Please write out the listing again, keeping every character the same.
──────── SOURCE INFORMATION ────────
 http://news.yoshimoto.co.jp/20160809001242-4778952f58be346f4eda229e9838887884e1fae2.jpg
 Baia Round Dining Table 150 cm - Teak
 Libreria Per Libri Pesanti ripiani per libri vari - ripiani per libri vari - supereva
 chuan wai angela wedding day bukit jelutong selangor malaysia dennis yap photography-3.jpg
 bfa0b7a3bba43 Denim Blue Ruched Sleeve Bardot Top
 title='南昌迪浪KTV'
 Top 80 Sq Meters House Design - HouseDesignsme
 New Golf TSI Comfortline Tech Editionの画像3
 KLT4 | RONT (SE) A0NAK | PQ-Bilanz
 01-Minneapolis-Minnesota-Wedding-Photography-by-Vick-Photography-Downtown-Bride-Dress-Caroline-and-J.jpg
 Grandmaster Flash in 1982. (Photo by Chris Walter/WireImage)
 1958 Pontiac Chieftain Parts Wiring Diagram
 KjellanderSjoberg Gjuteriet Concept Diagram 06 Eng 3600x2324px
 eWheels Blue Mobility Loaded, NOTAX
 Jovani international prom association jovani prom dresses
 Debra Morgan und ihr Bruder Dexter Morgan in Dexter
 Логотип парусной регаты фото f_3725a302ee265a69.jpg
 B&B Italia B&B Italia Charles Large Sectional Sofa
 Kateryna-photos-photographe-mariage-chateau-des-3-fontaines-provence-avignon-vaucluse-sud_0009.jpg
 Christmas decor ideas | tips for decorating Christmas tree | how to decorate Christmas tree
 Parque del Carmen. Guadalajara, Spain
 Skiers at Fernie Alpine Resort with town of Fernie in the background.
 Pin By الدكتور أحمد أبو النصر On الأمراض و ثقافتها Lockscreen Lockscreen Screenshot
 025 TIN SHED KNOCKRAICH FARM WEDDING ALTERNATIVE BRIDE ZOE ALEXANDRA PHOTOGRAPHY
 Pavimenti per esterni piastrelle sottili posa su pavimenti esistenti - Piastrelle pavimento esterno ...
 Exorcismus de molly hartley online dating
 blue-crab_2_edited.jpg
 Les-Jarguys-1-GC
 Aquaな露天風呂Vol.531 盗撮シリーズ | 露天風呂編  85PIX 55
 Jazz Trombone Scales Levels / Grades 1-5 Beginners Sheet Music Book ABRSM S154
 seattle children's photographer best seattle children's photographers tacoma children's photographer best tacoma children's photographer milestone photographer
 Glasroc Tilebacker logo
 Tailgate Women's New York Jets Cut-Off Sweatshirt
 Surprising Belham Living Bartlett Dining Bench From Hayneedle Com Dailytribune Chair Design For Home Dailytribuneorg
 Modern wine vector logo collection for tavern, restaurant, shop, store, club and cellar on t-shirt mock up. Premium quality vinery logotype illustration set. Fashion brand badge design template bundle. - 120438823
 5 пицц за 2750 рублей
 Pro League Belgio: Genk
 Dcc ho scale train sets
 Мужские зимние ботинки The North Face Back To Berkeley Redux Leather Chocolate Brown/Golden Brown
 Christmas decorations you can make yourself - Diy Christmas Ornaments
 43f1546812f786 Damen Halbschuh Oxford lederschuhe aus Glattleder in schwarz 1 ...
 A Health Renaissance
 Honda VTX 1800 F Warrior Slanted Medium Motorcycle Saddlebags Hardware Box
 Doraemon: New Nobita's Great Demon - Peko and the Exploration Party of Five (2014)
────────
RESULT FOR THIS TASK
 http://news.yoshimoto.co.jp/20160809001242-4778952f58be346f4eda229e9838887884e1fae2.jpg
 Baia Round Dining Table 150 cm - Teak
 Libreria Per Libri Pesanti ripiani per libri vari - ripiani per libri vari - supereva
 chuan wai angela wedding day bukit jelutong selangor malaysia dennis yap photography-3.jpg
 bfa0b7a3bba43 Denim Blue Ruched Sleeve Bardot Top
 title='南昌迪浪KTV'
 Top 80 Sq Meters House Design - HouseDesignsme
 New Golf TSI Comfortline Tech Editionの画像3
 KLT4 | RONT (SE) A0NAK | PQ-Bilanz
 01-Minneapolis-Minnesota-Wedding-Photography-by-Vick-Photography-Downtown-Bride-Dress-Caroline-and-J.jpg
 Grandmaster Flash in 1982. (Photo by Chris Walter/WireImage)
 1958 Pontiac Chieftain Parts Wiring Diagram
 KjellanderSjoberg Gjuteriet Concept Diagram 06 Eng 3600x2324px
 eWheels Blue Mobility Loaded, NOTAX
 Jovani international prom association jovani prom dresses
 Debra Morgan und ihr Bruder Dexter Morgan in Dexter
 Логотип парусной регаты фото f_3725a302ee265a69.jpg
 B&B Italia B&B Italia Charles Large Sectional Sofa
 Kateryna-photos-photographe-mariage-chateau-des-3-fontaines-provence-avignon-vaucluse-sud_0009.jpg
 Christmas decor ideas | tips for decorating Christmas tree | how to decorate Christmas tree
 Parque del Carmen. Guadalajara, Spain
 Skiers at Fernie Alpine Resort with town of Fernie in the background.
 Pin By الدكتور أحمد أبو النصر On الأمراض و ثقافتها Lockscreen Lockscreen Screenshot
 025 TIN SHED KNOCKRAICH FARM WEDDING ALTERNATIVE BRIDE ZOE ALEXANDRA PHOTOGRAPHY
 Pavimenti per esterni piastrelle sottili posa su pavimenti esistenti - Piastrelle pavimento esterno ...
 Exorcismus de molly hartley online dating
 blue-crab_2_edited.jpg
 Les-Jarguys-1-GC
 Aquaな露天風呂Vol.531 盗撮シリーズ | 露天風呂編  85PIX 55
 Jazz Trombone Scales Levels / Grades 1-5 Beginners Sheet Music Book ABRSM S154
 seattle children's photographer best seattle children's photographers tacoma children's photographer best tacoma children's photographer milestone photographer
 Glasroc Tilebacker logo
 Tailgate Women's New York Jets Cut-Off Sweatshirt
 Surprising Belham Living Bartlett Dining Bench From Hayneedle Com Dailytribune Chair Design For Home Dailytribuneorg
 Modern wine vector logo collection for tavern, restaurant, shop, store, club and cellar on t-shirt mock up. Premium quality vinery logotype illustration set. Fashion brand badge design template bundle. - 120438823
 5 пицц за 2750 рублей
 Pro League Belgio: Genk
 Dcc ho scale train sets
 Мужские зимние ботинки The North Face Back To Berkeley Redux Leather Chocolate Brown/Golden Brown
 Christmas decorations you can make yourself - Diy Christmas Ornaments
 43f1546812f786 Damen Halbschuh Oxford lederschuhe aus Glattleder in schwarz 1 ...
 A Health Renaissance
 Honda VTX 1800 F Warrior Slanted Medium Motorcycle Saddlebags Hardware Box
 Doraemon: New Nobita's Great Demon - Peko and the Exploration Party of Five (2014)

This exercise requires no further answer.